Similar research findings are examined about duelers (in Europe and the South), political terrorists, racists and youth gangs. Studies on the latter group, found that gang members “expressed a strong sense of self-competence” and when they failed, they always blamed something external rather than inadequacy or error. The last point is particularly important, he insists, because controlled studies demonstrate that blaming outside causes instead of personal flaws is a behavior characteristic of people with high self-esteem.

And if low self-esteem were an underlying cause of violence, Baumeister argues, then shy, self-deprecating, insecure and depressed people would exhibit higher rates of violence. But studies show that patterns of low self-esteem produce remarkably few criminals. Even if it could be documented that low self-esteem somehow caused violent behavior, Baumeister says, “it would still be necessary to regard the surface egotism rather than the hidden self doubts as causally crucial.”

“There are some people who think they are great and there is no need to attack [or behave condescendingly],” says Baumeister. “I imagine if you went up to Albert Einstein [who had a secure ego] and told him he was stupid it wouldn’t bother him.”

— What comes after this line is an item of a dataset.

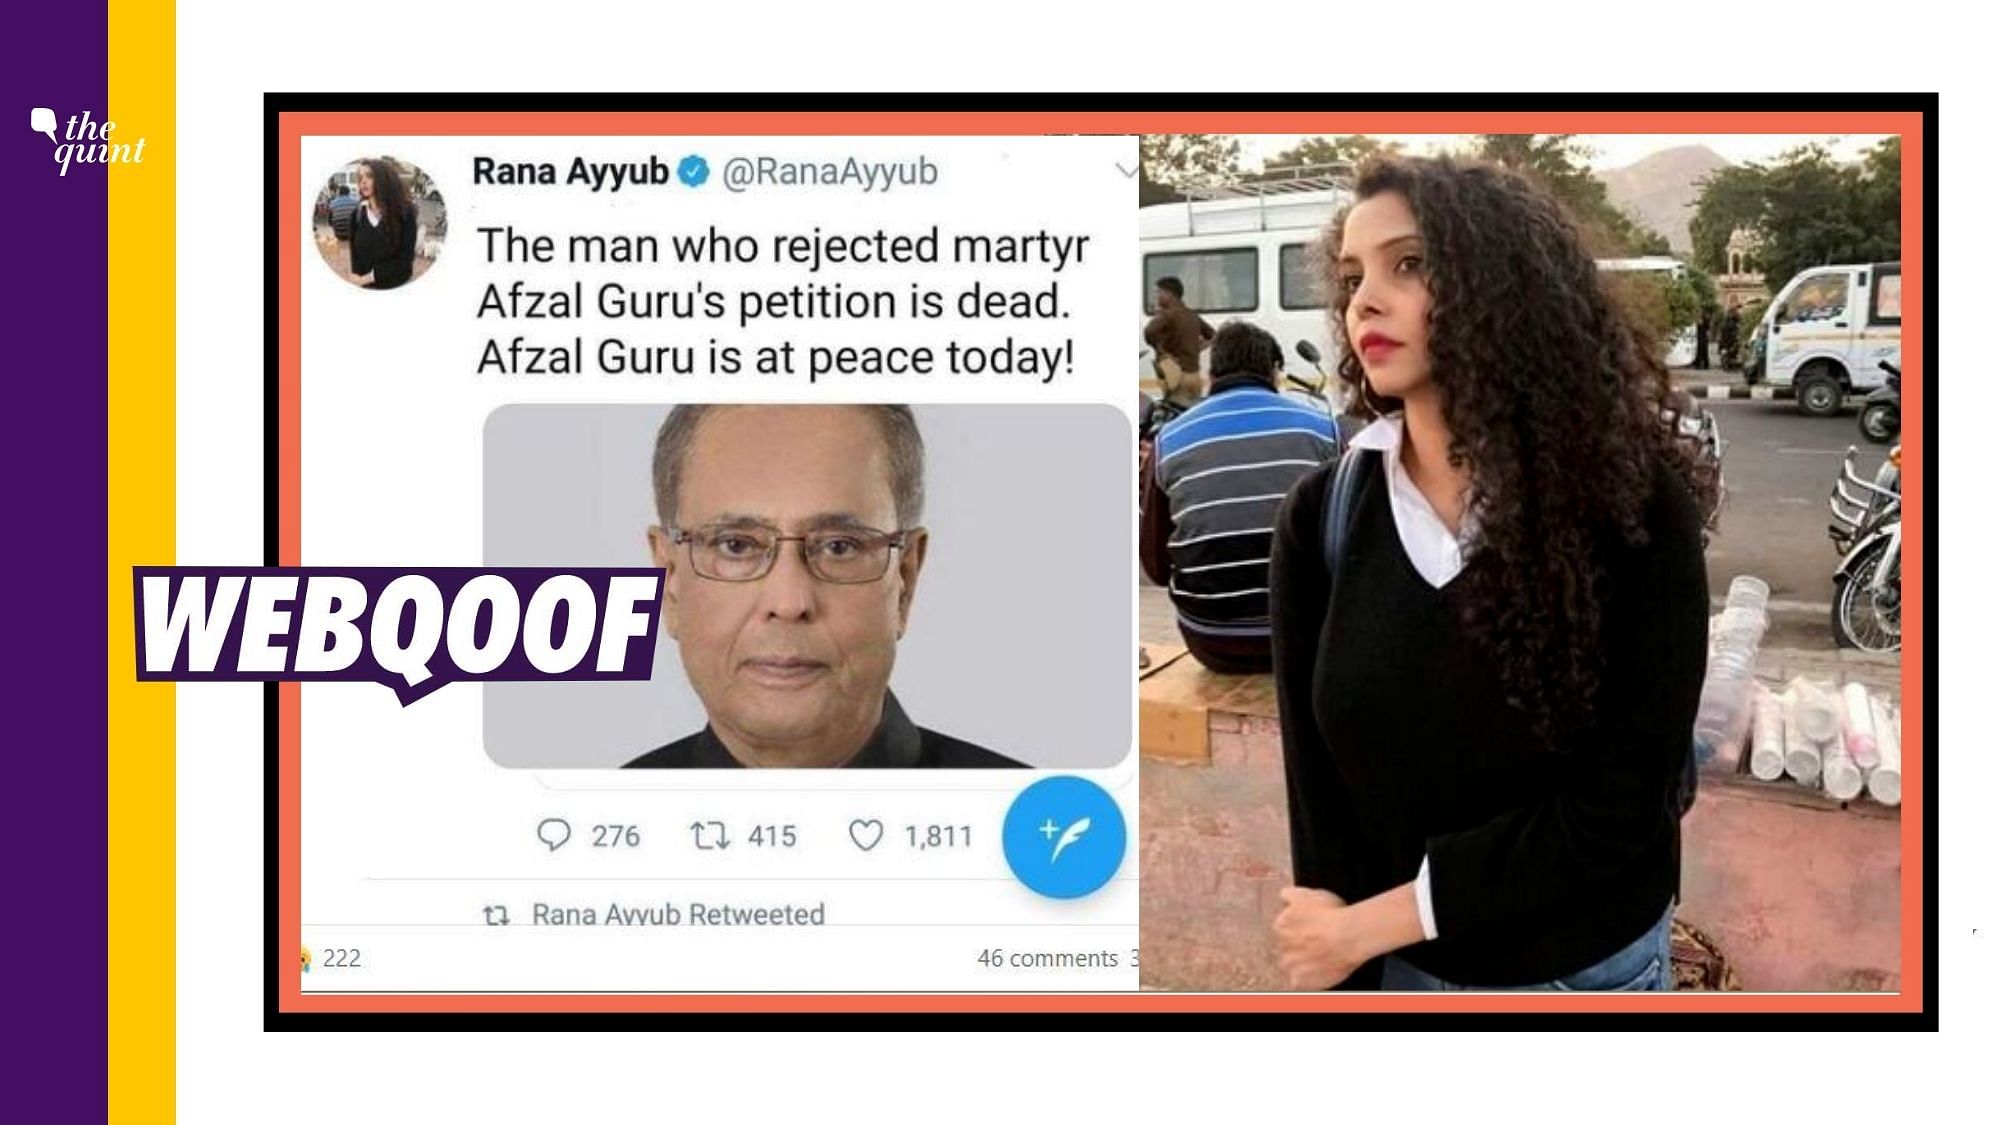 According to a viral screenshot, Ayyub, after the demise of Pranab Mukherjee tweeted that after Mukherjee’s death, Afzal Guru will now finally rest in peace.

But self-delusion is not completely functionless, the experts say. Marginal over-evaluation of the self is beneficial because it fosters a kind of optimism. It functions as a sort of Armor All for the psyche, a protectant that allows us to filter out some of life’s grimmer realities.

But moderation clearly is the key. Individuals deemed psychologically well-adjusted in Block’s 1955 study were those with slightly positive views of themselves, who were willing to acknowledge frailties and who genuinely liked themselves.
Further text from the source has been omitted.